• _DIRECTIONS FOR THIS TASK_: What must be handed in is the entire listing, exactly as written, with no pictures.

• _GIVEN DATA_:
━━━━━━━━━━

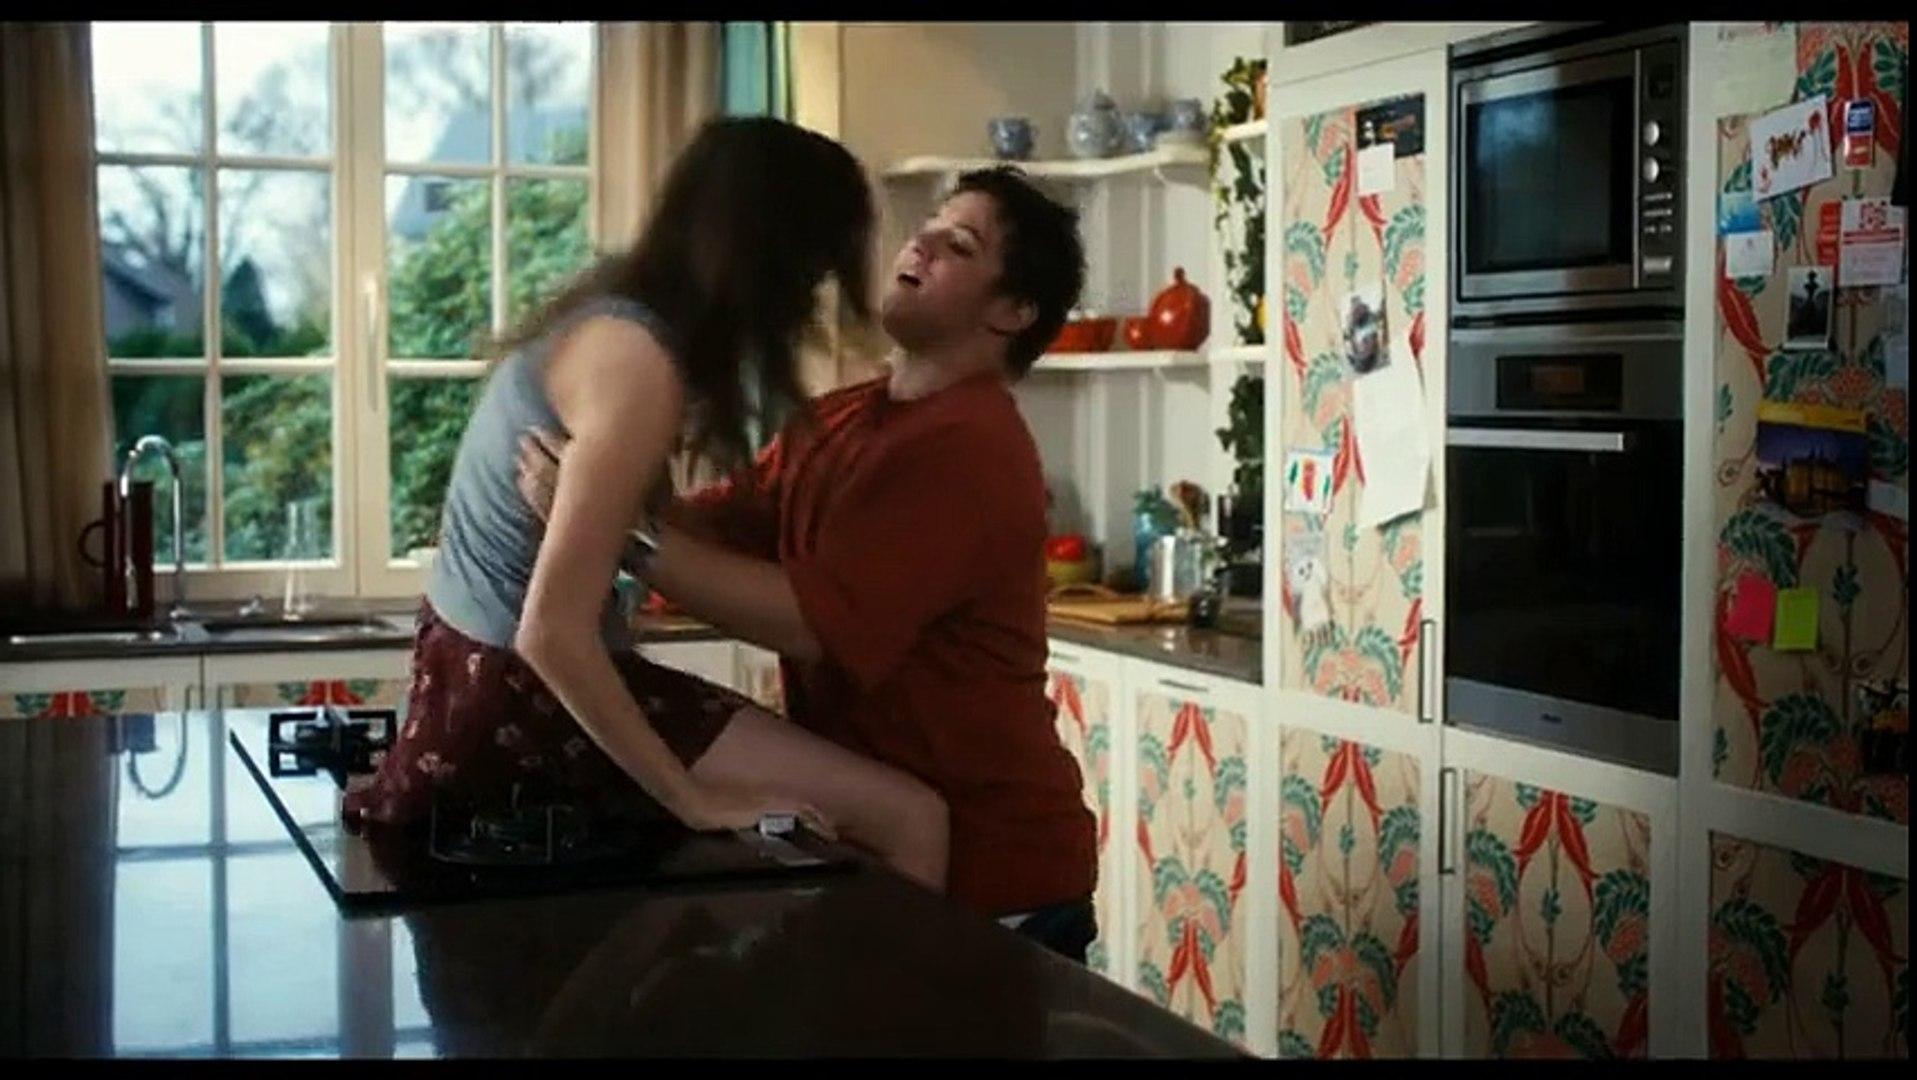 Second Chance / La Chance de ma vie (2011) - Trailer
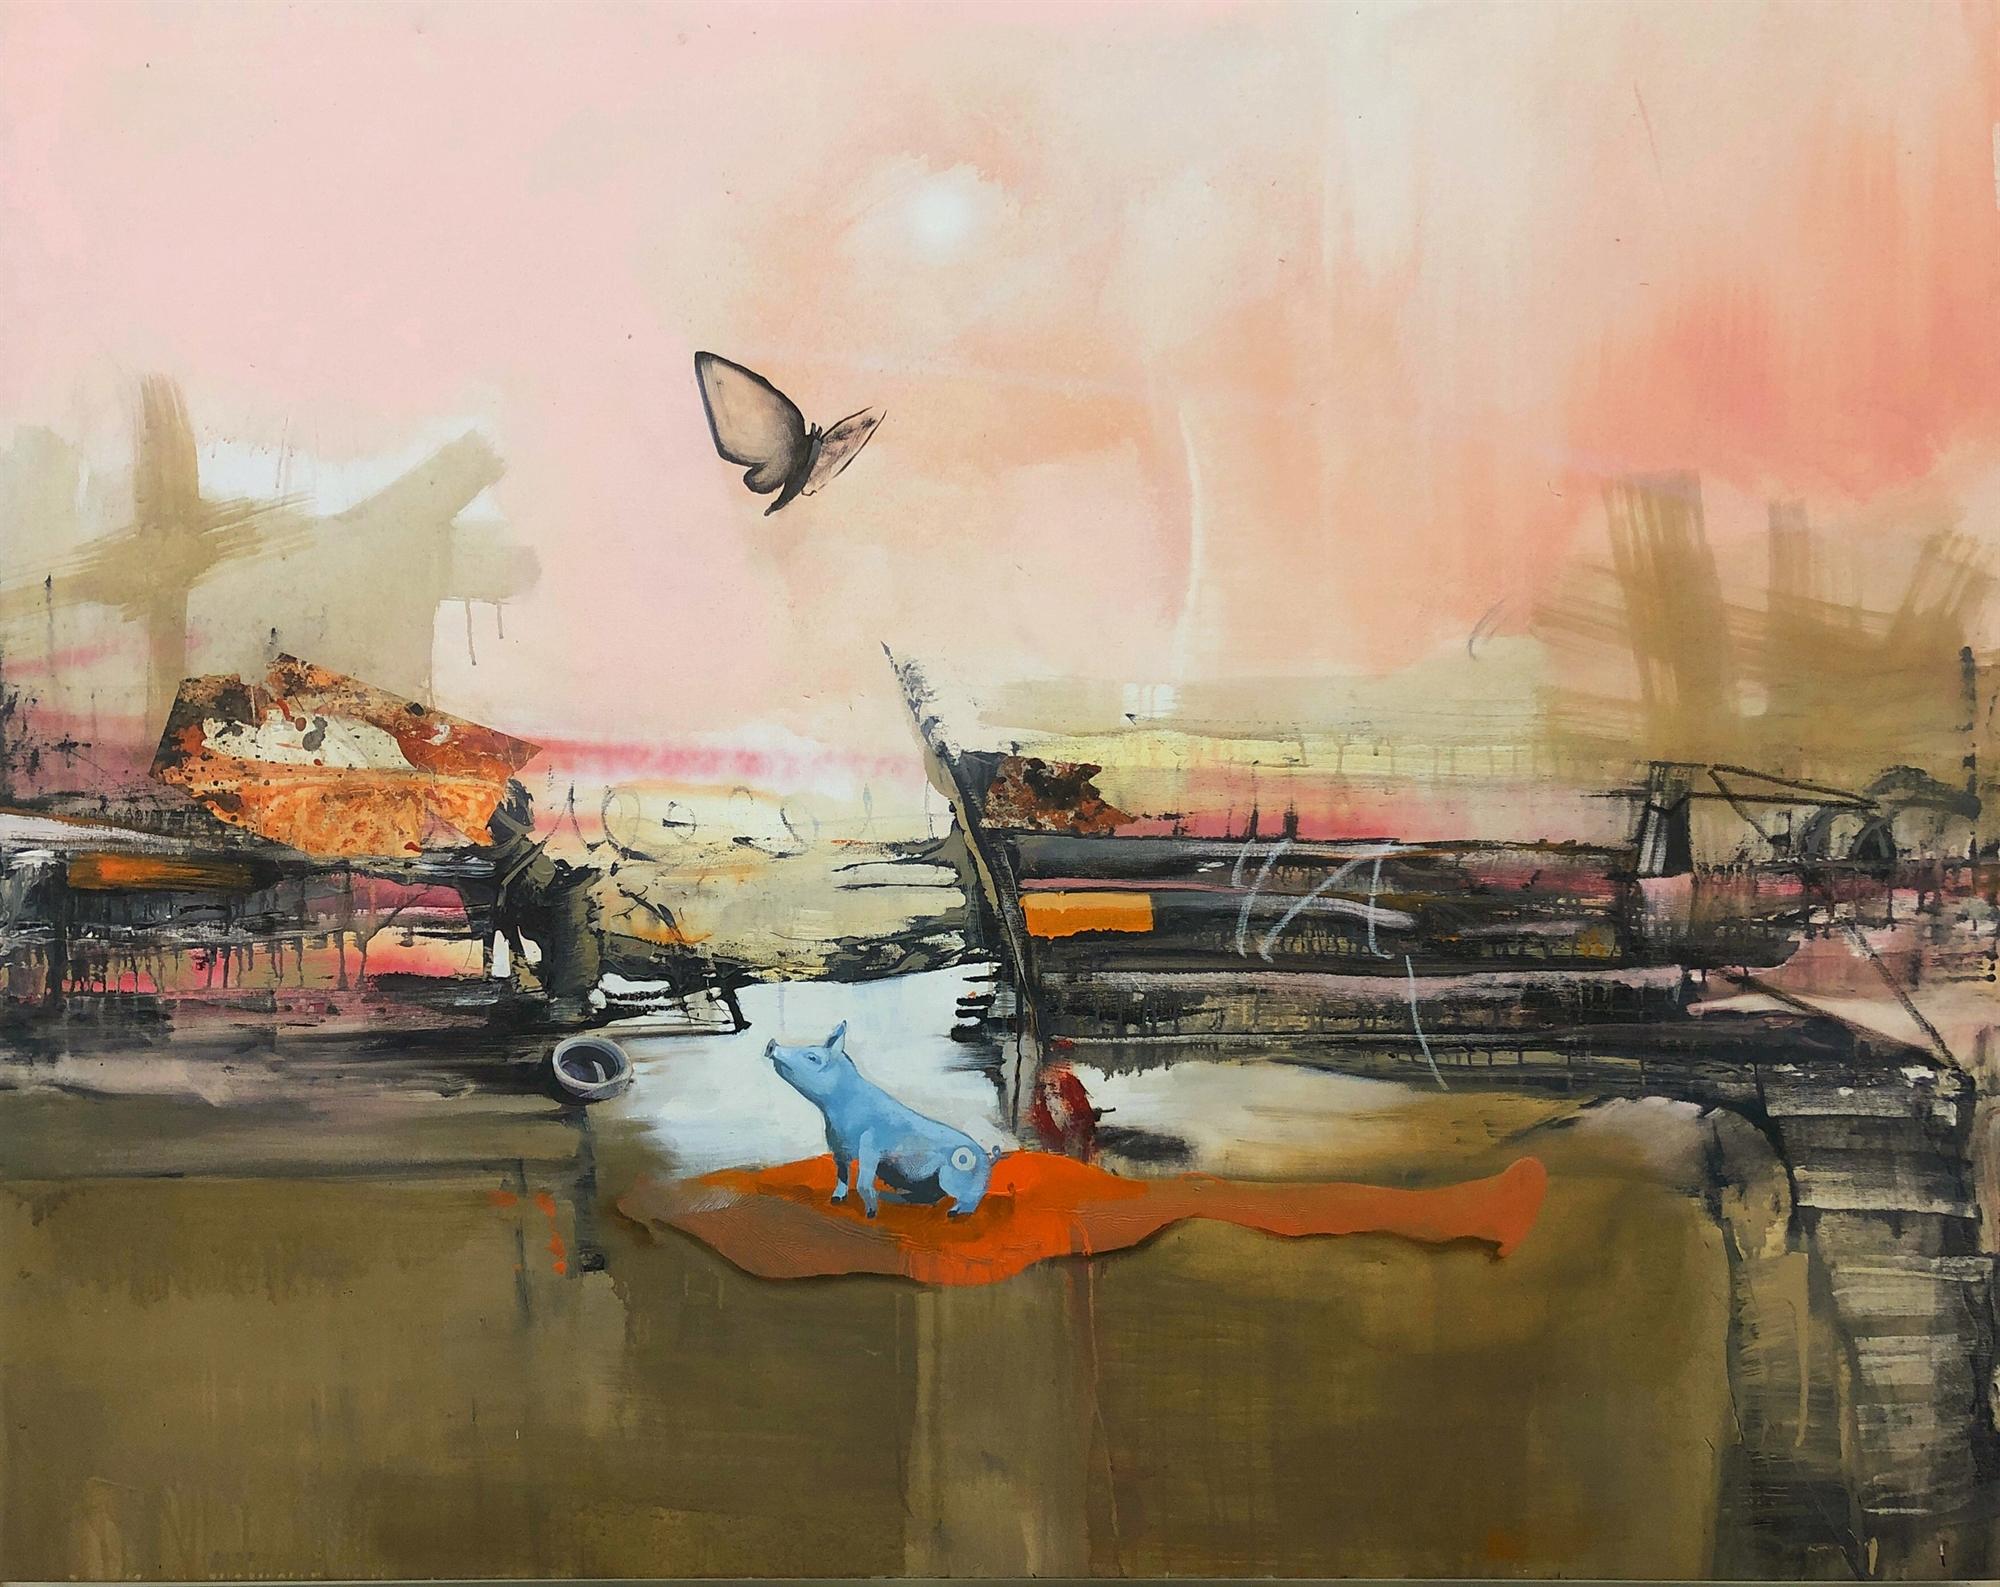 The Hybrid by Marcus Jansen
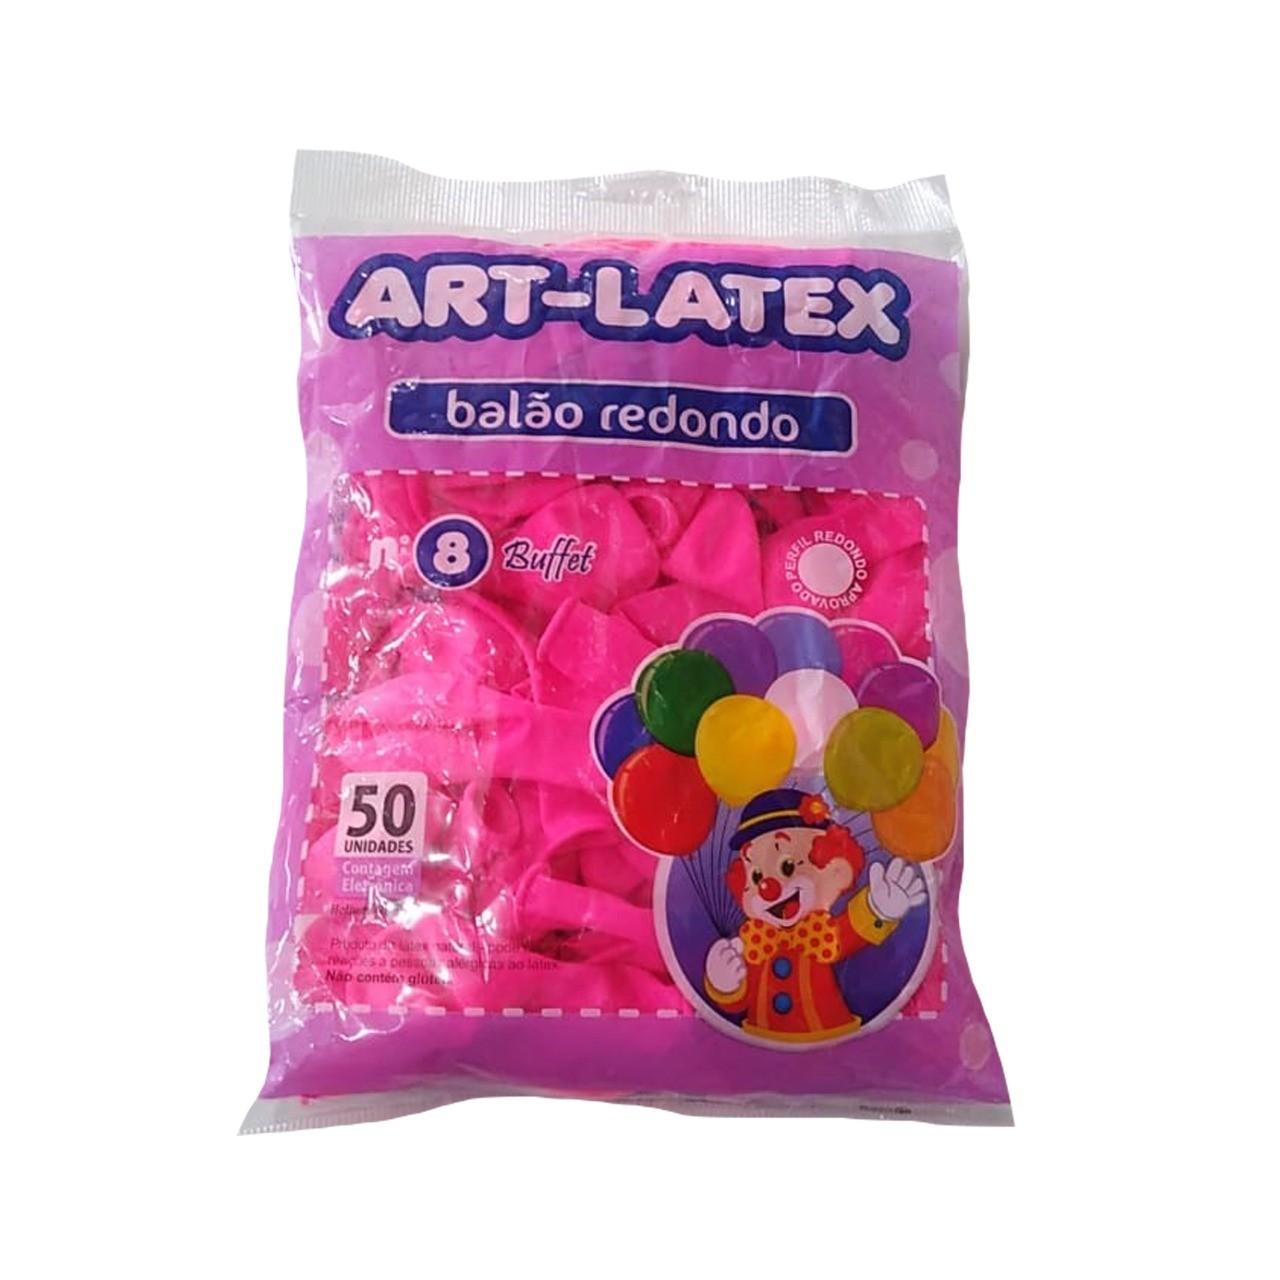 BALÃO LATEX REDONDO BUFFET ROSA PINK - N°8

━━━━━━━━━━

• _TASK OUTPUT_:
 Second Chance / La Chance de ma vie (2011) - Trailer
 The Hybrid by Marcus Jansen
 BALÃO LATEX REDONDO BUFFET ROSA PINK - N°8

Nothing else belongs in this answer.